The fire tongs crashed to the warmed stone.
“He was right. Let me go, Felix.”
He released his grasp, but remained menacingly close.
“You’re more valuable to us than ever,” I said through tight lips. “It’s to everyone’s best interest that you forget Felix Maldonado and take on a new identity. The perfect spy has no personal life, no wife, no children, no house, no past.”
I spoke phlegmatically. Again Felix responded with the Mexican counterpart, Indian fatalism. “I don’t understand you. It doesn’t matter about me. But I don’t understand your game. They’ll gather all the information again and everything will begin all over.”
“For you, it began in a taxi, remember? That was the moment of no return, Felix, that unknowing step from reality to nightmare, the moment when everything that seems real and secure in your life slips away and becomes uncertain, unsure, and phantasmagoric. Do you believe you can simply return to your former life, assume an irretrievable reality, be an obscure bureaucrat and Don Juan and husband named Felix Maldonado?”
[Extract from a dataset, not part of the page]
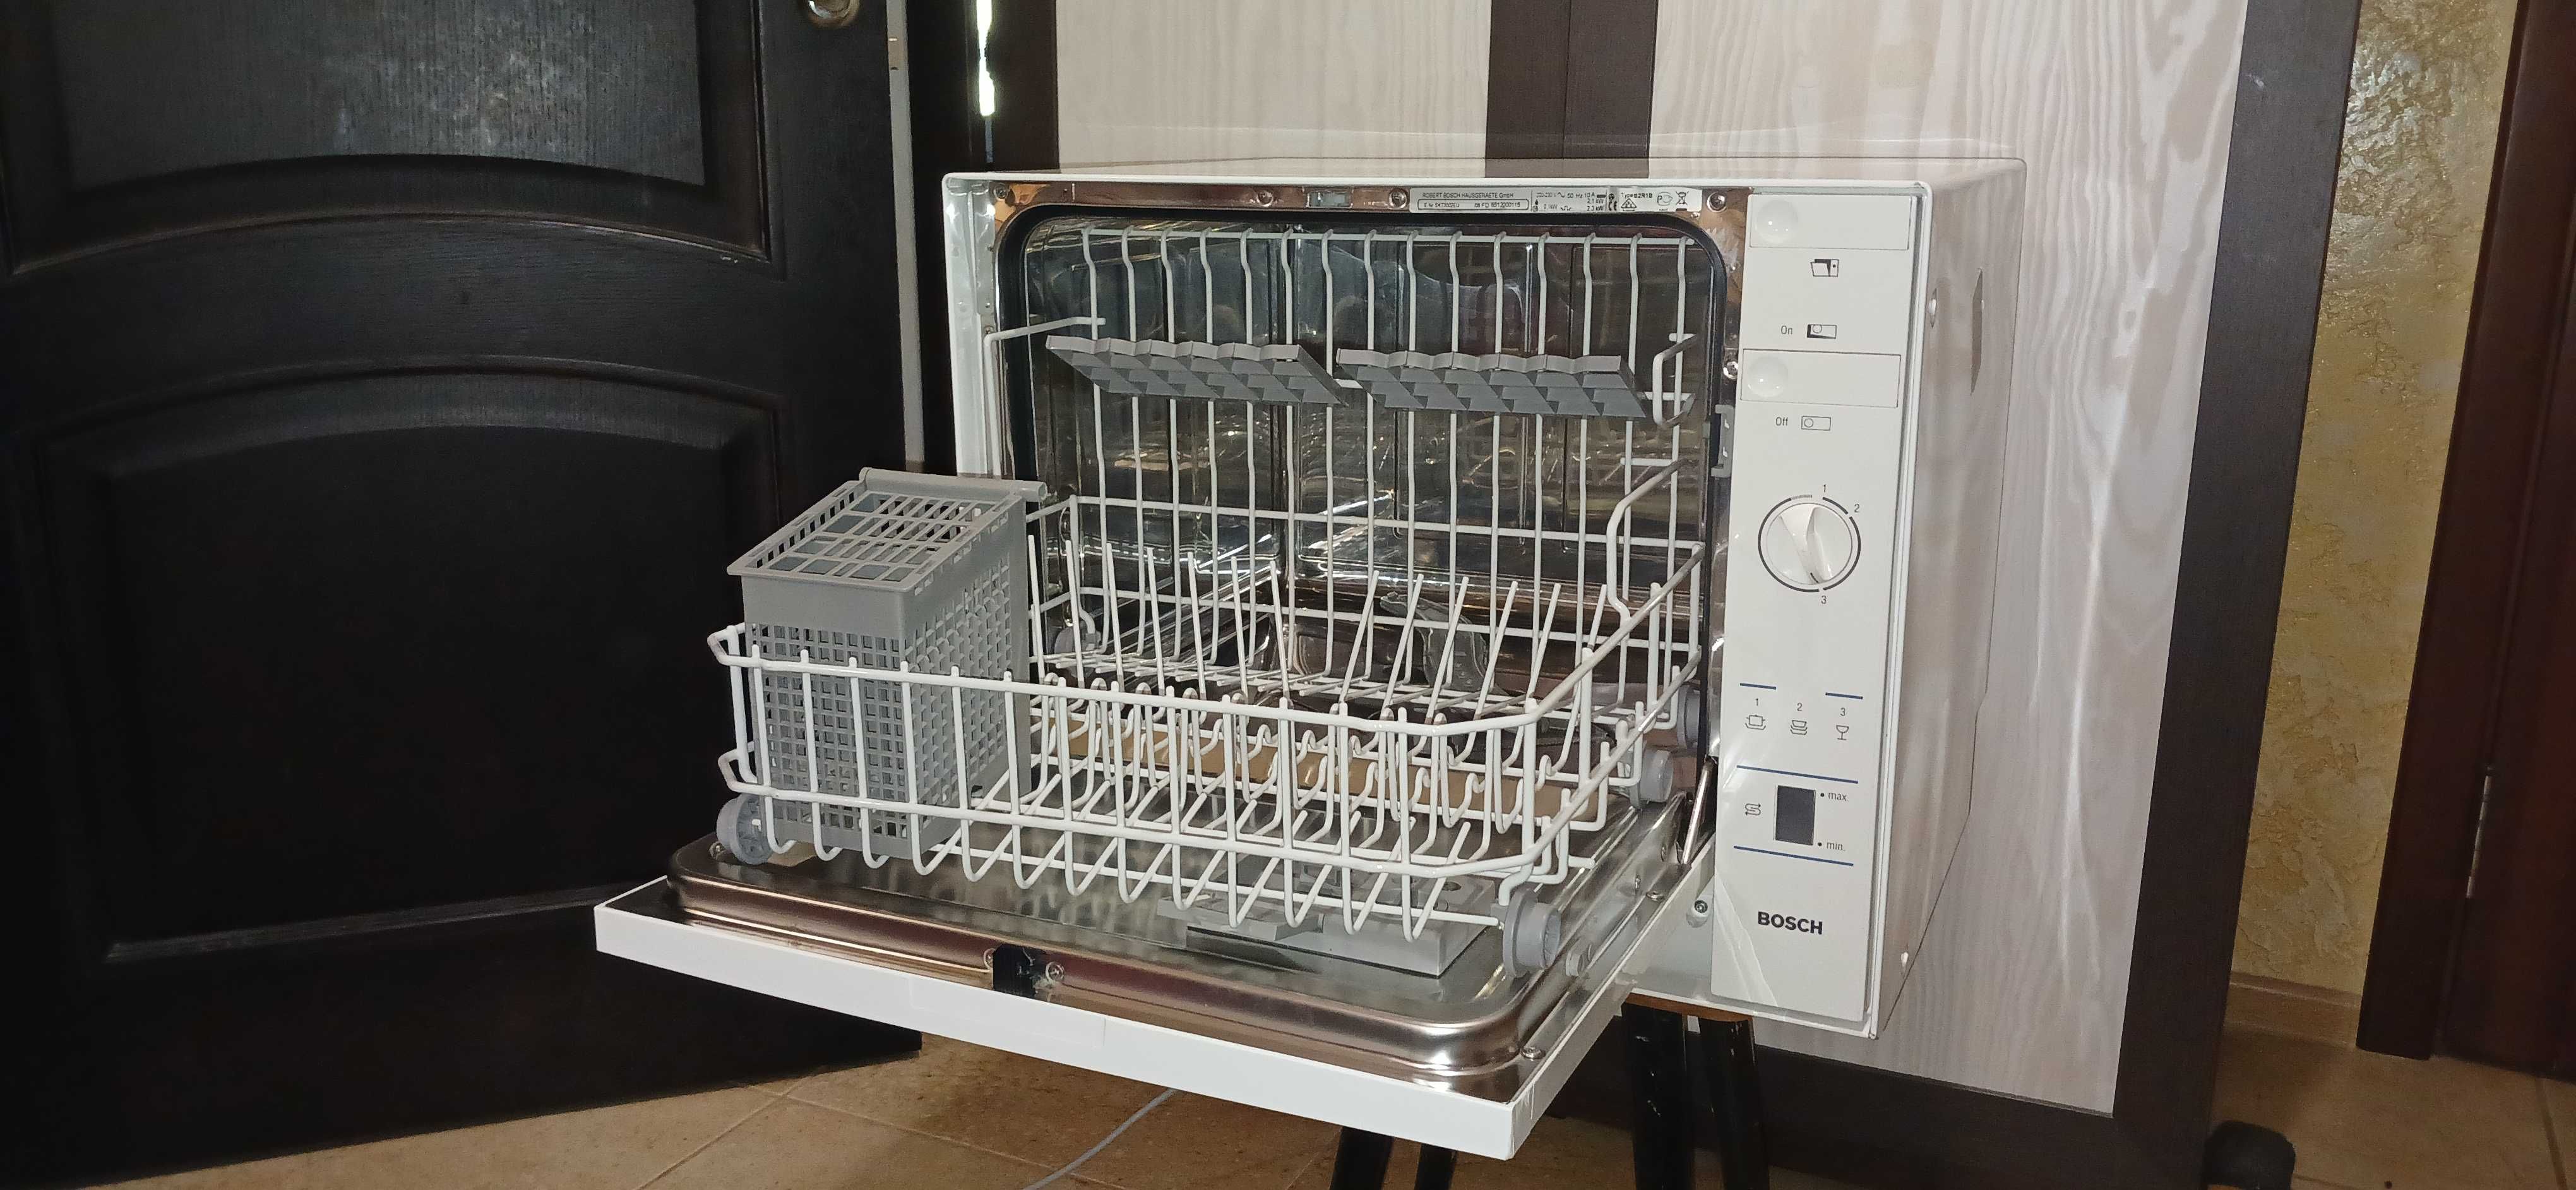 Продам Посудомоечная машина Bosch SKT 3002 EU

I took Felix’s hand, though it was a risk; he would feel my dry, lizardlike skin. “I need you, Felix. And you’re right. The game will begin again. It’s like two cowardly and imperfect knights jousting in a dark labyrinth. The next time, however, they’ll find that their adversary is stronger and, what’s more, different. And so on and so on. That’s why I wanted them to recognize me this time; they won’t the next. And you will need me, because I’m the only person in the world who will still call you Felix Maldonado.”
“Ruth…?”
“No, no, don’t answer. You will offend me deeply if you underestimate me. Don’t make the mistake our enemies made. Don’t underestimate me, or my ability to disguise myself. You know, baldness can be an advantage. I simply put on a gray wig with an unruly lock of hair, I shave off my moustache, thicken my eyelids with makeup, add a few wrinkles, make my nose a little more acquiline, speak with any one of the many English accents I learned watching Shakespeare with you … Although at times I prefer to quote Lewis Carroll. Welcome to Wonderland.”
“Trevor.”
“And you, my friend, would have to take on the role of the March Hare…”
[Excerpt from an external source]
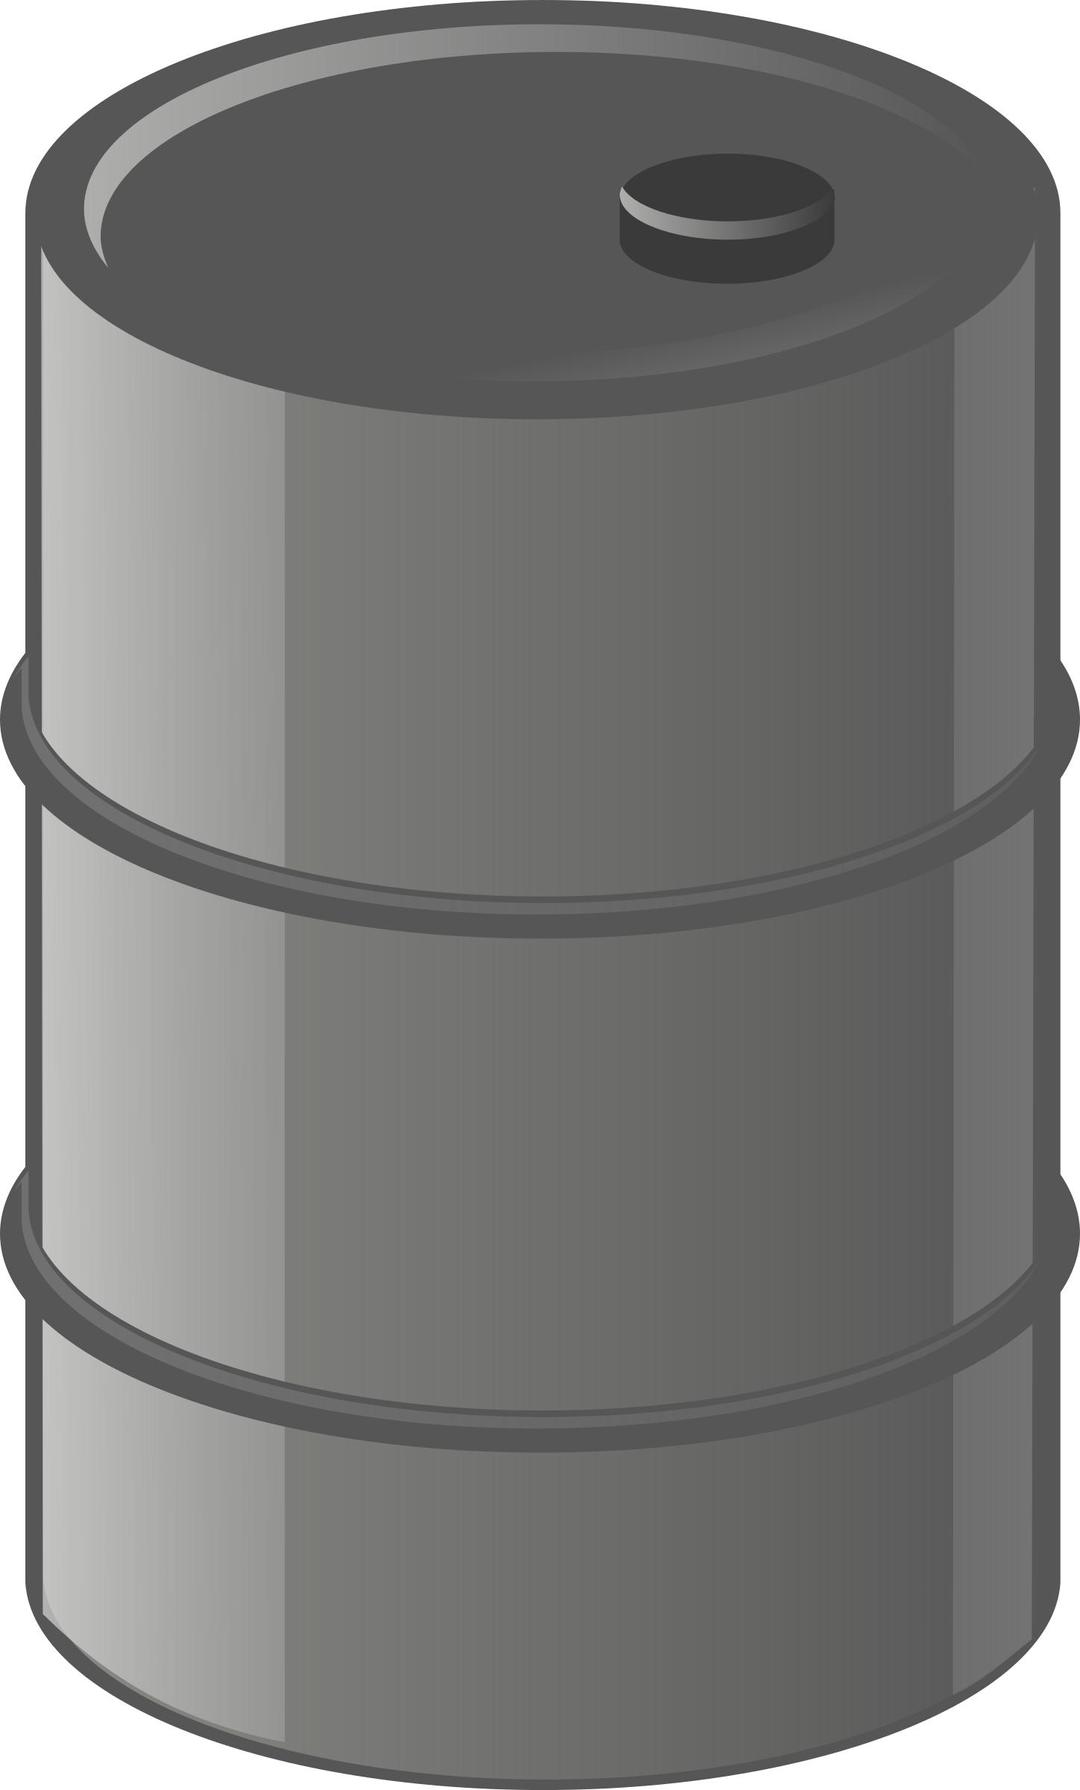 metal barrel png transparent

“But Angelica was your sister…”
“ Poor Ophelia. No, hold my hand, Felix, even though my skin repels you. Add a neutral Colombian accent, interjections from the 1890’s, poppycock, pip-pip, balderdash … Are you following me, Felix?”
“But you were acting for the Arabs in Houston…”
“They know me as Trevor, an English homosexual expelled from the Foreign Office as a security risk. The Israelis and the CIA know me as Mann, a mercenary agent whose cover is a traveling job with Dow Chemical. You know me as Timon of Athens, your former classmate and owner of a petrochemical empire in Mexico. I serve them all so I can use them all, and so they will fear me. I’m not sitting in my library waiting for your telephone calls, Felix, while you risk your neck. I received your call in Mexico City telling me about poor Ophelia — that’s the only time you really surprised me — and three hours later I was in Houston looking like a Roman senator and giving a passable imitation of Claude Rains; tomorrow, after a four-hour flight, I’ll be in Washington presenting myself to the CIA in Langley as the questionable Mr. Mann, with a slight German accent and another passable imitation, this time of Conrad Veidt…”
I released Felix’s hand only because I’d run out of breath and couldn’t talk, only because I couldn’t touch him if I wasn’t talking, only because I wanted him to have his hands free to do whatever he pleased. I was giving him that freedom. Finally I had demonstrated that I, too, took risks, that he wasn’t the only one living dangerously. I’d finally canceled that debt from our youth.
“But Angelica was your sister,” Felix repeated, his voice, his eyes, his body, unbelieving, the hand with the pistol hanging limply.